His reputation as an amateur astronomer was great enough, however, for Copernicus to be invited in 1514 to the Fifth Lateran Council to make recommendations on the reform of the calendar. By this time he had begun to articulate a theoretical critique of the Ptolemaic model, quietly showing a summary of his views to a few friends. As a good canon lawyer, he must have predicted that the Church would not be happy with his theories; but after his 25-year old admirer Georg Rheticus published a summary of Copernicus' summary without provoking the Church's anger (in all likelihood they were a bit busy with Martin Luther at the time), Copernicus turned to completing a full dissertation on the heliocentric ("Sun-centered") model.

In what would come to be known as On the Revolution of the Heavenly Bodies, Copernicus argued that the Ptolemaic model, as amended, was like a Mr. Potathead in which the arms, legs, nose, eyes, ears and mouth were all placed in the wrong holes (to paraphrase his paraphrase of Horace's Ars poetica). By contrast, Copernicus wrote, if one assumes that the Sun is a stationary midpoint and the Earth is in motion, by a relatively simple set of calculations the remaining planets fall into orderly orbits around the Sun -- orbits whose length of time increase with a planet's relative distance from the Sun.
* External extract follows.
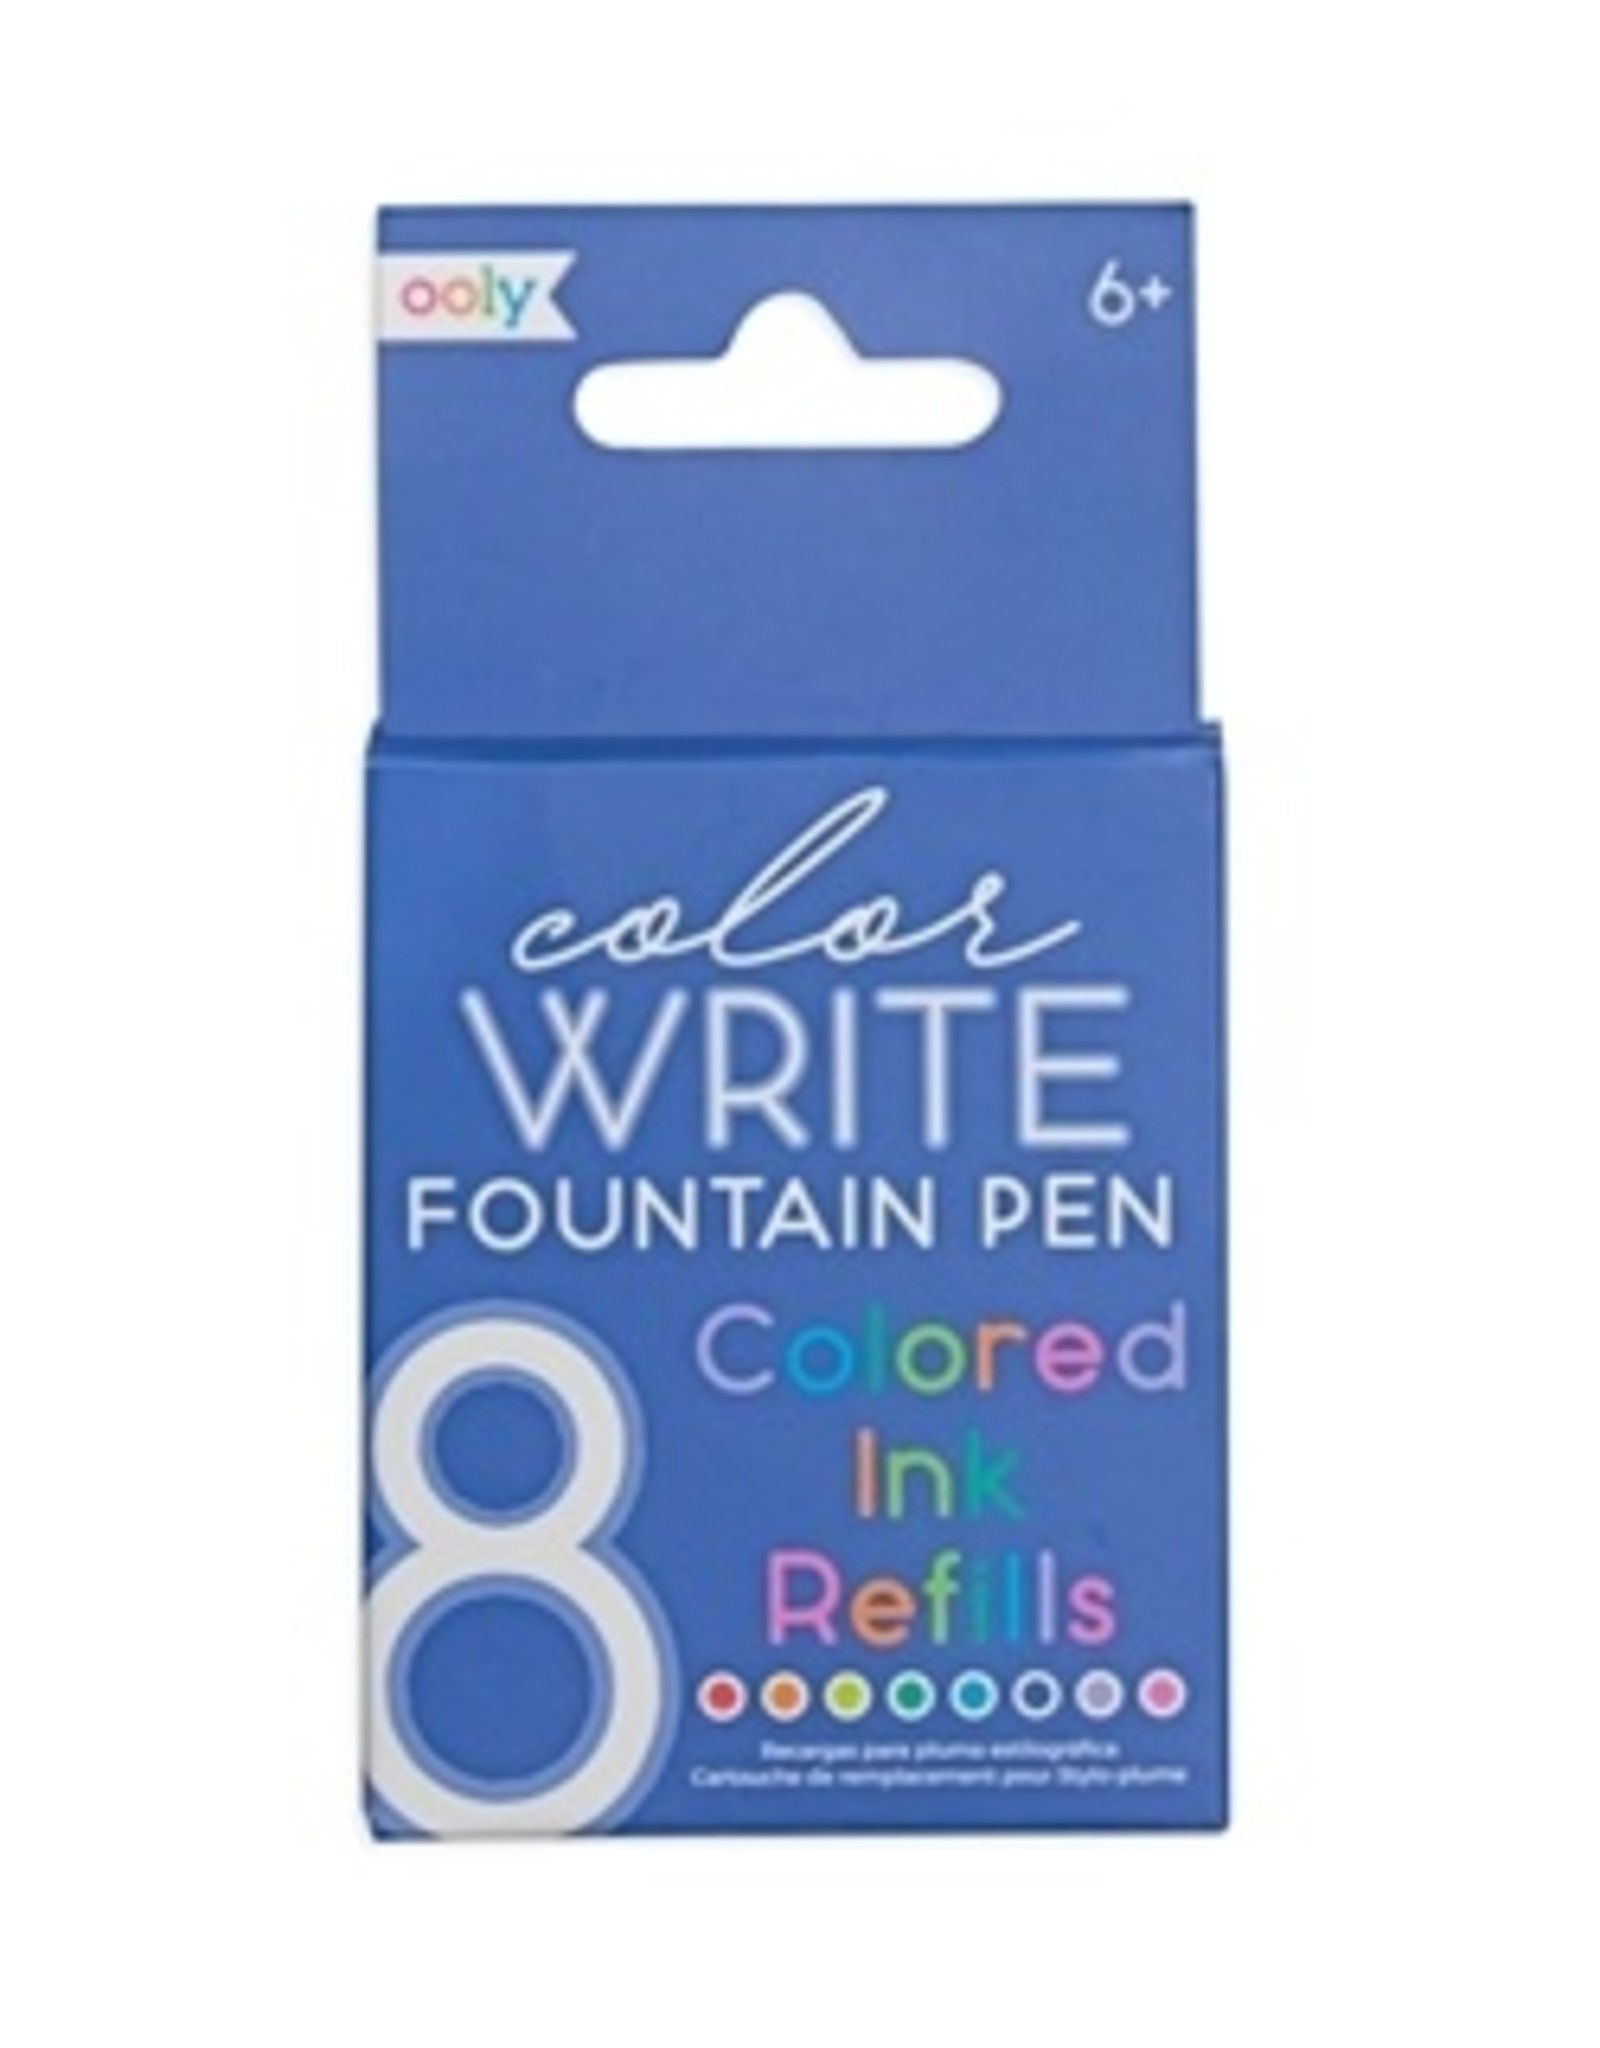 Ooly Color Write Fountain Pen Cartridge Refill

Thus, Mercury would circumnavigate the Sun in 88 days; Venus, in 225 days; Earth, in one year; Mars, 1.9 years; Jupiter, 12 years; and Saturn, 30 years.
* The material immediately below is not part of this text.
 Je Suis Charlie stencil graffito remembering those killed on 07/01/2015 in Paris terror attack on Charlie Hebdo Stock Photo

While he admitted that he could not rule out other potential alternative models to the Ptolemaic model -- it would take later mathematicians to uncover solutions for the problems of falling bodies, acceleration and force and ultimately prove that Copernicus was correct -- at least he had constructed one handsome Potatohead, in which all of the pieces fit together into a balanced, harmonious whole.

Copernicus avoided the potential wrath of the Church by waiting 36 years to publish Revolution; legend has it that on his deathbed he was able to hold the freshly minted first edition in his hands before passing away on May 24, 1543 in Frauenberg, East Prussia (now Poland). The cause and its implications would be taken up, in turn, by Galileo, Kepler, Descartes and Newton, among others. To Galileo goes the prize for making Copernicus a posthumously dangerous thinker; after Galileo's Discourse on Floating Bodies (1612), the Church banned Copernicus' Revolution. The Church would finally lift its ban in 1835.